Write out the material below again, line for line, without any images.

**AVAILABLE DATA**
==================================================

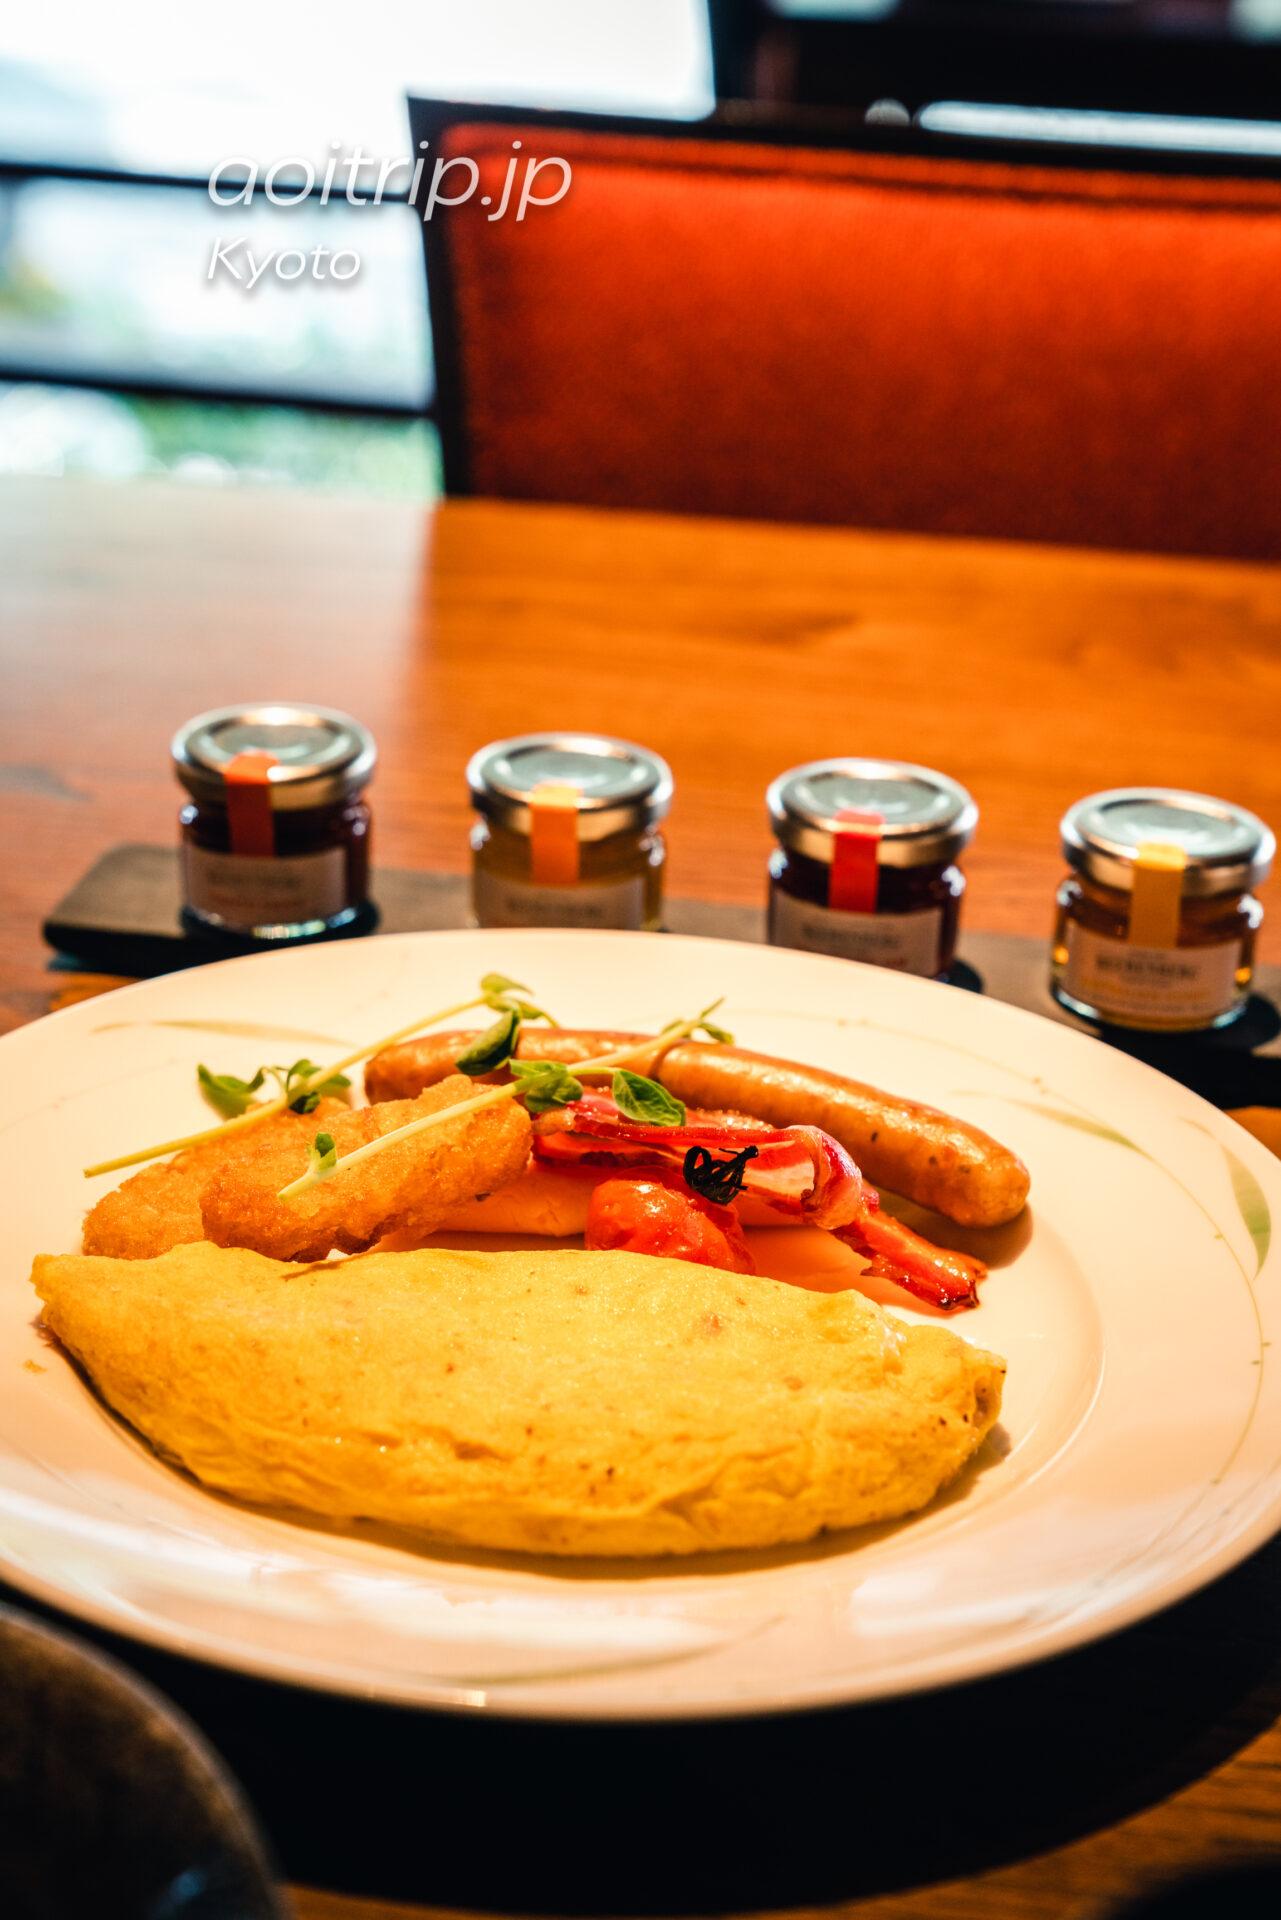 翠嵐 ラグジュアリーコレクションホテル 京都 レストラン京翠嵐の朝食オムレツ
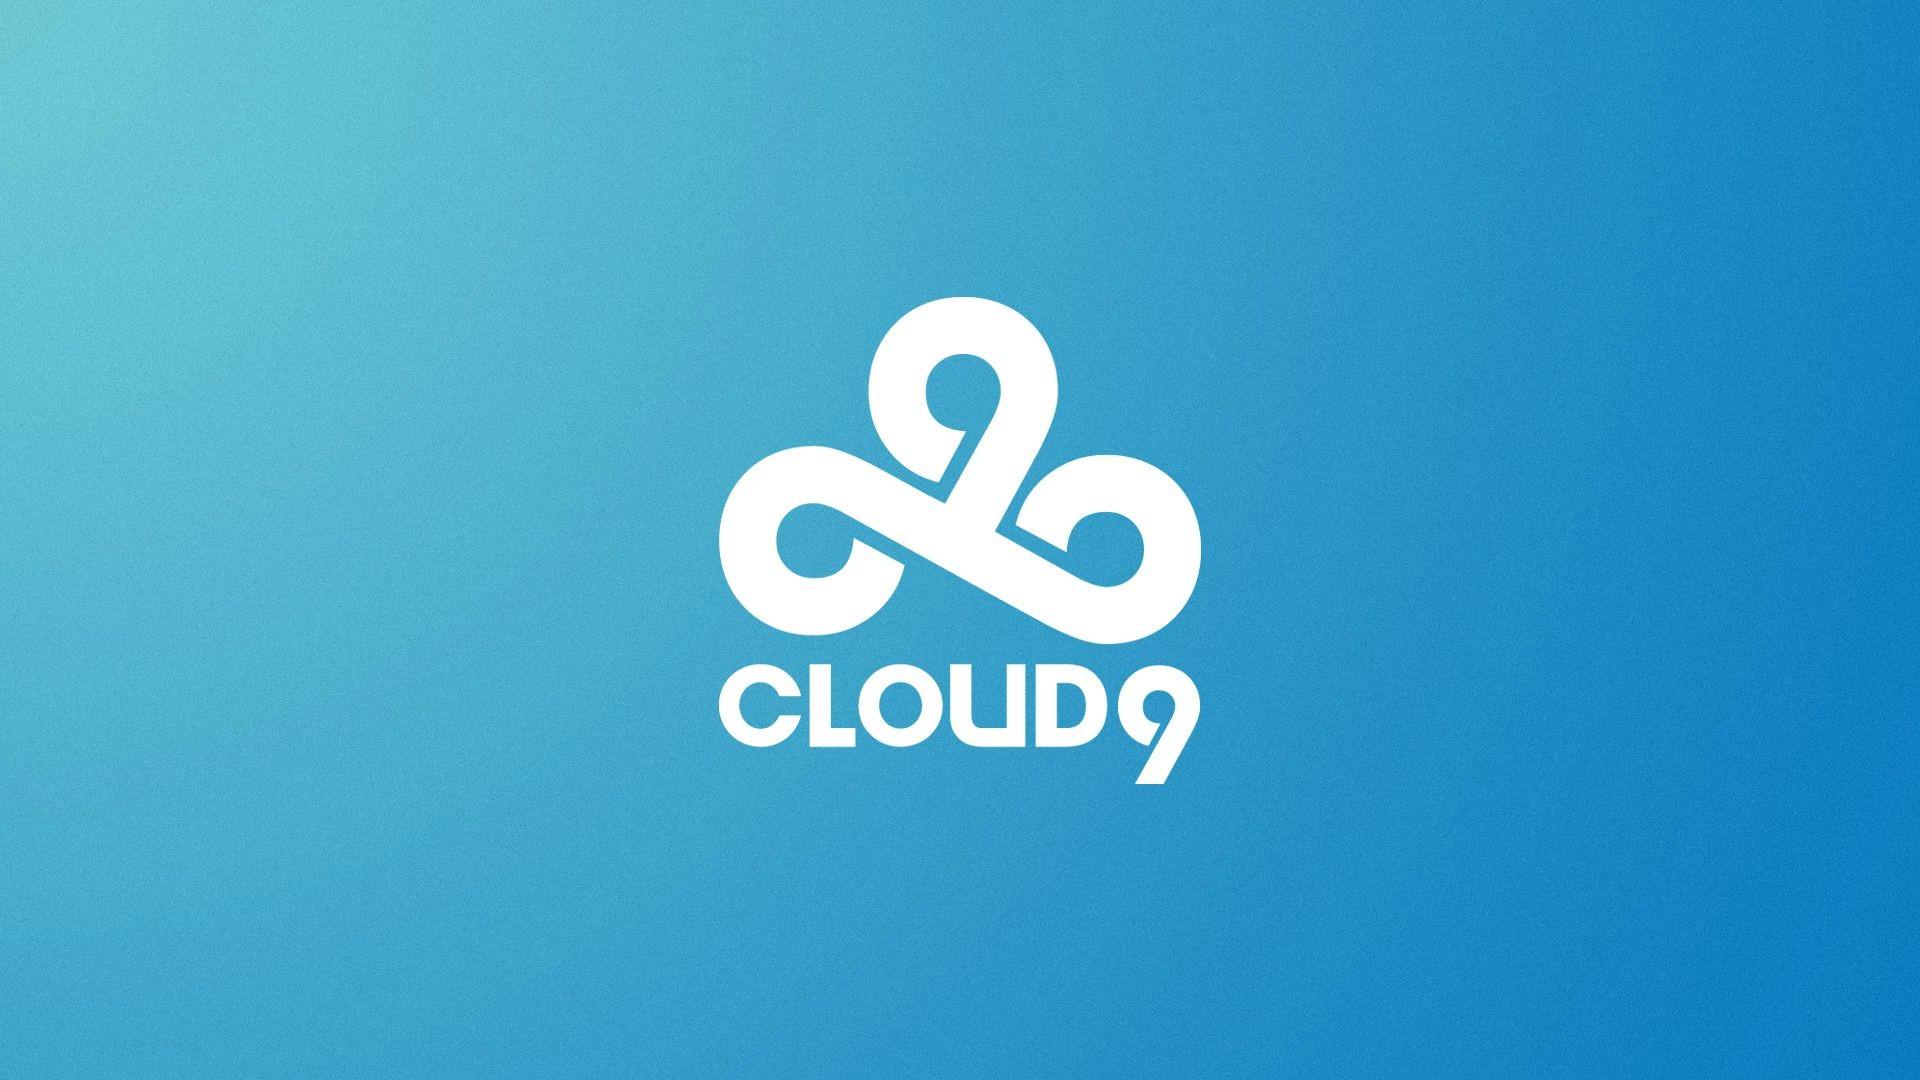 Cloud 9 CS GO Wallpaper
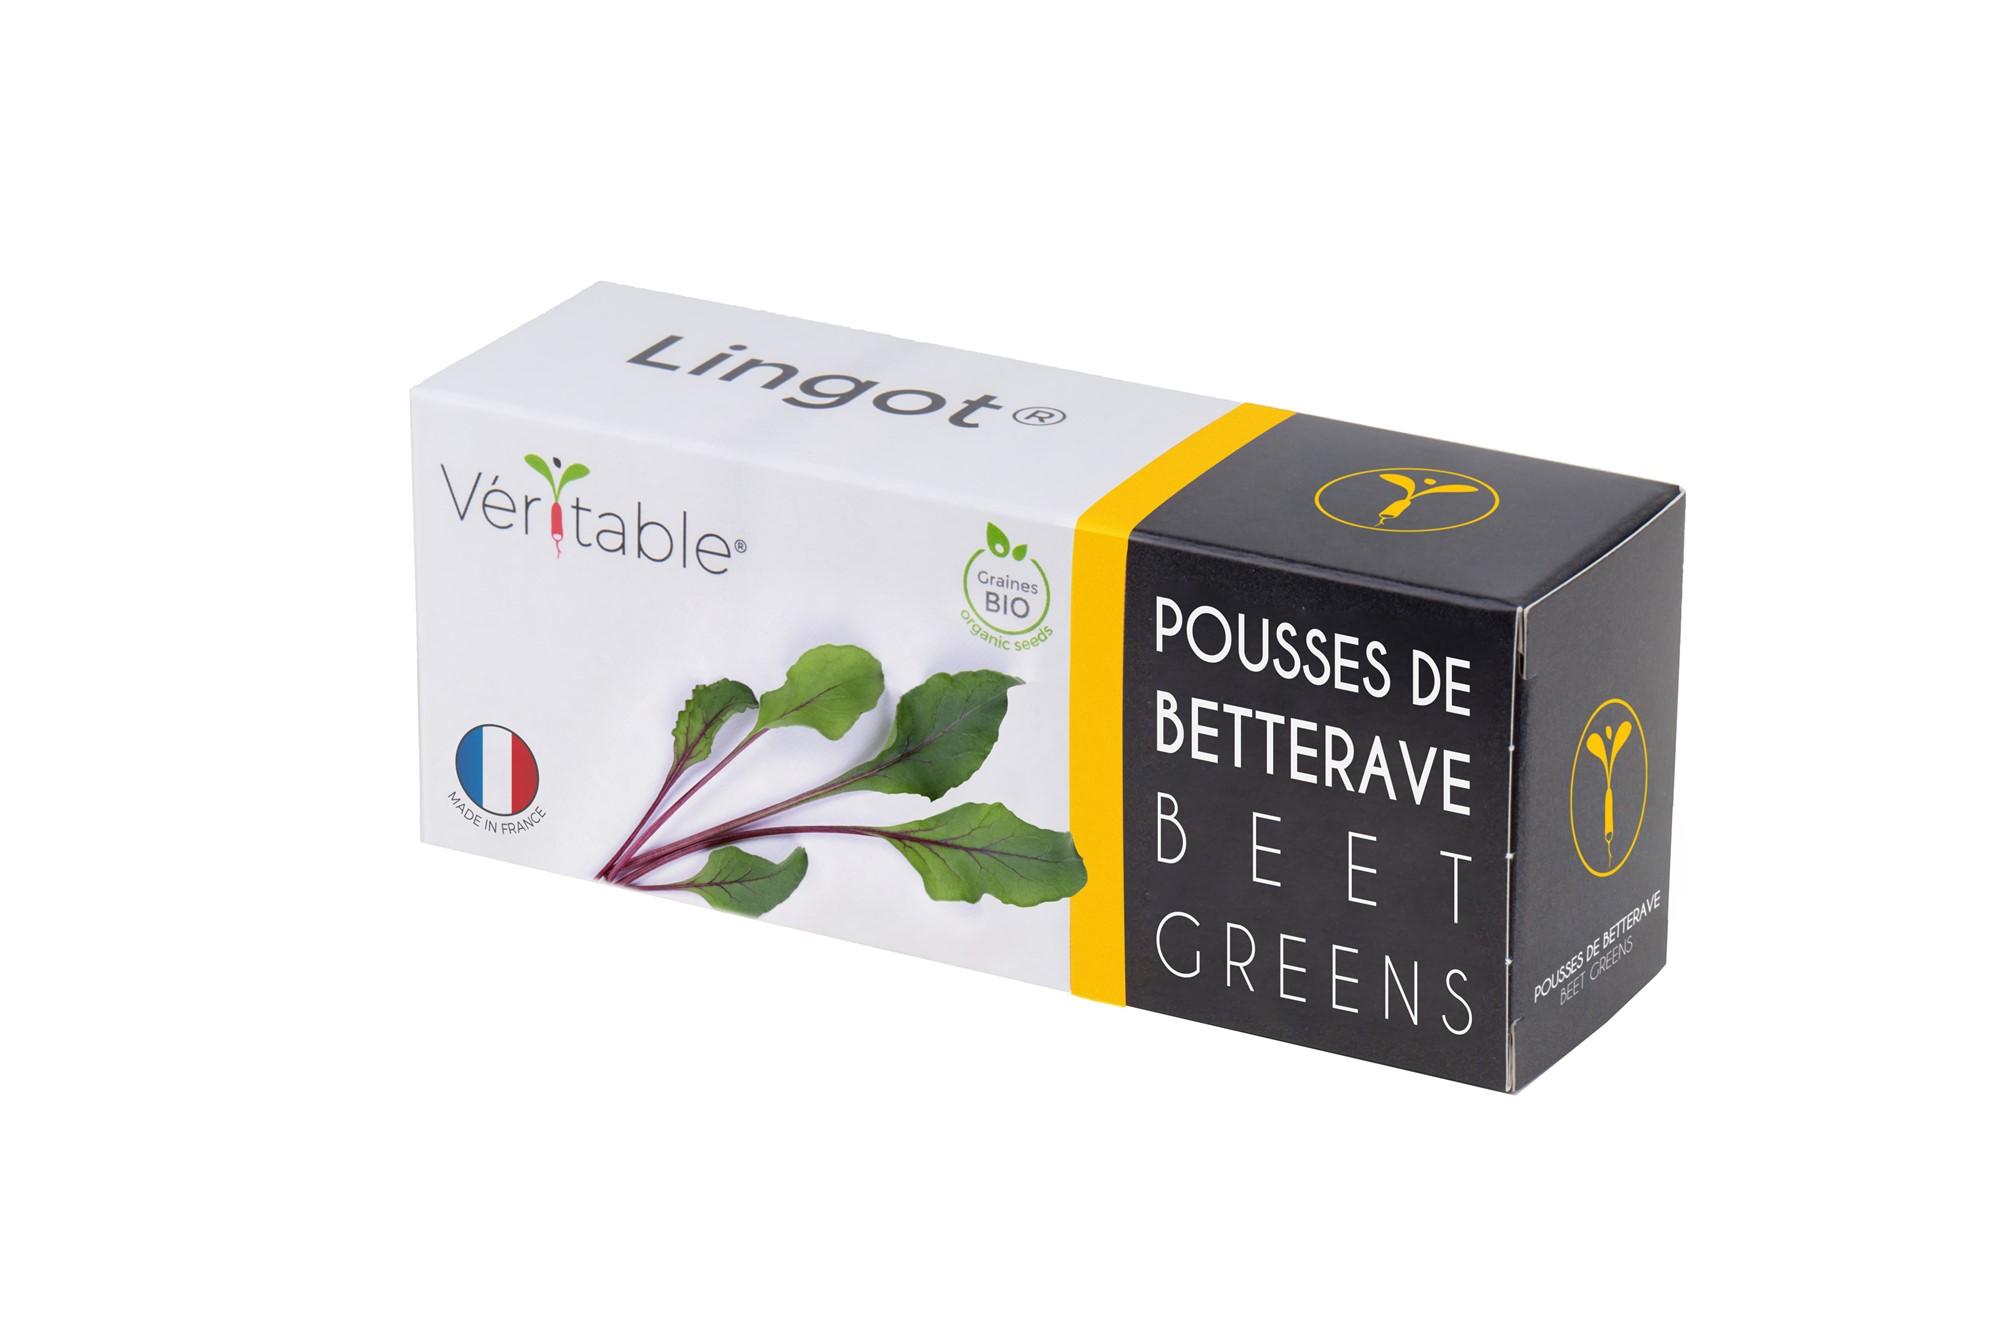 Lingot® Pousses de Betterave BIO compatible potager Véritable®
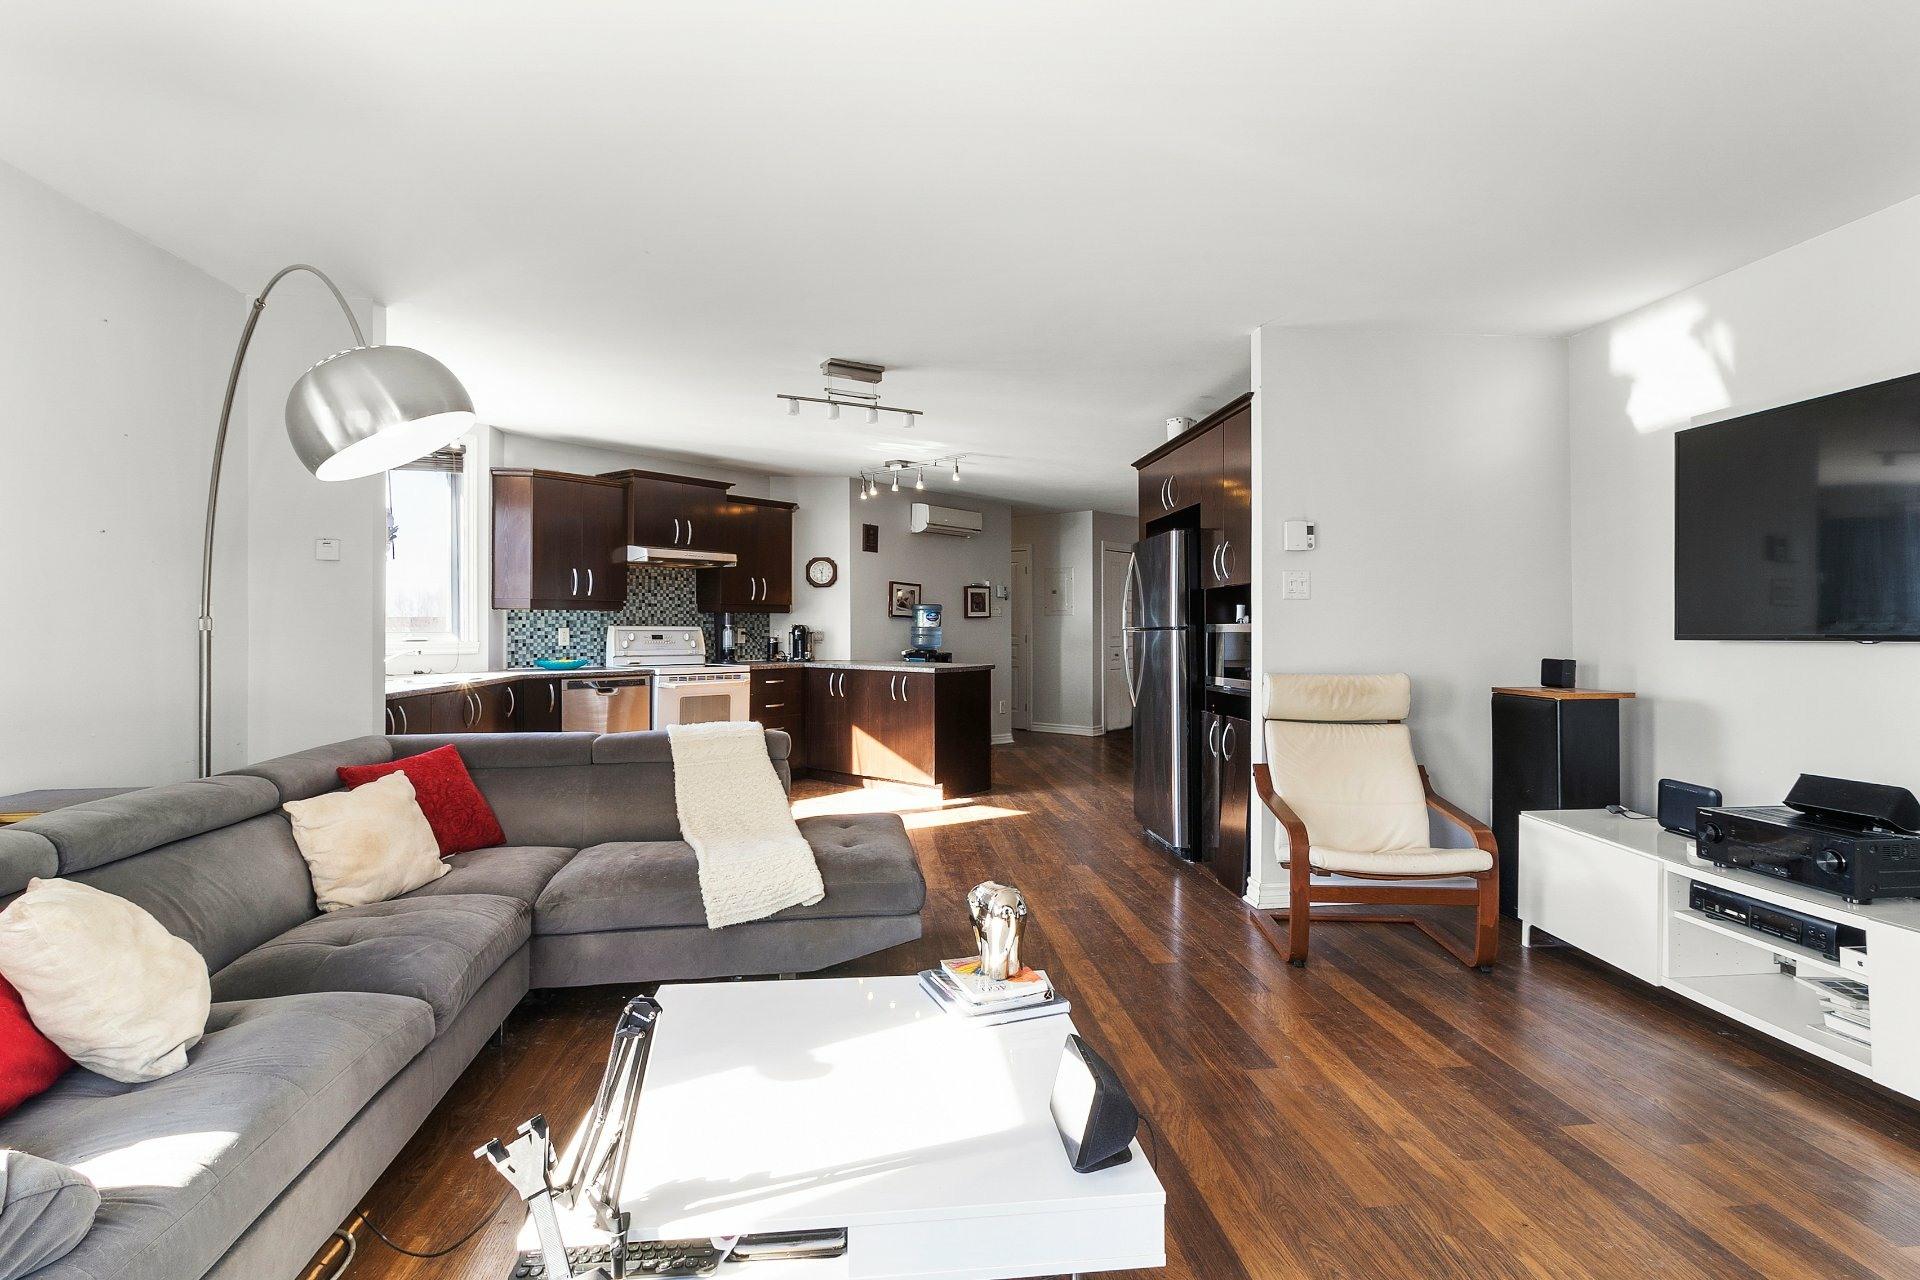 image 9 - Appartement À vendre Brossard - 6 pièces

==================================================

**RESULT**
 翠嵐 ラグジュアリーコレクションホテル 京都 レストラン京翠嵐の朝食オムレツ
 Cloud 9 CS GO Wallpaper
 Lingot® Pousses de Betterave BIO compatible potager Véritable®
 image 9 - Appartement À vendre Brossard - 6 pièces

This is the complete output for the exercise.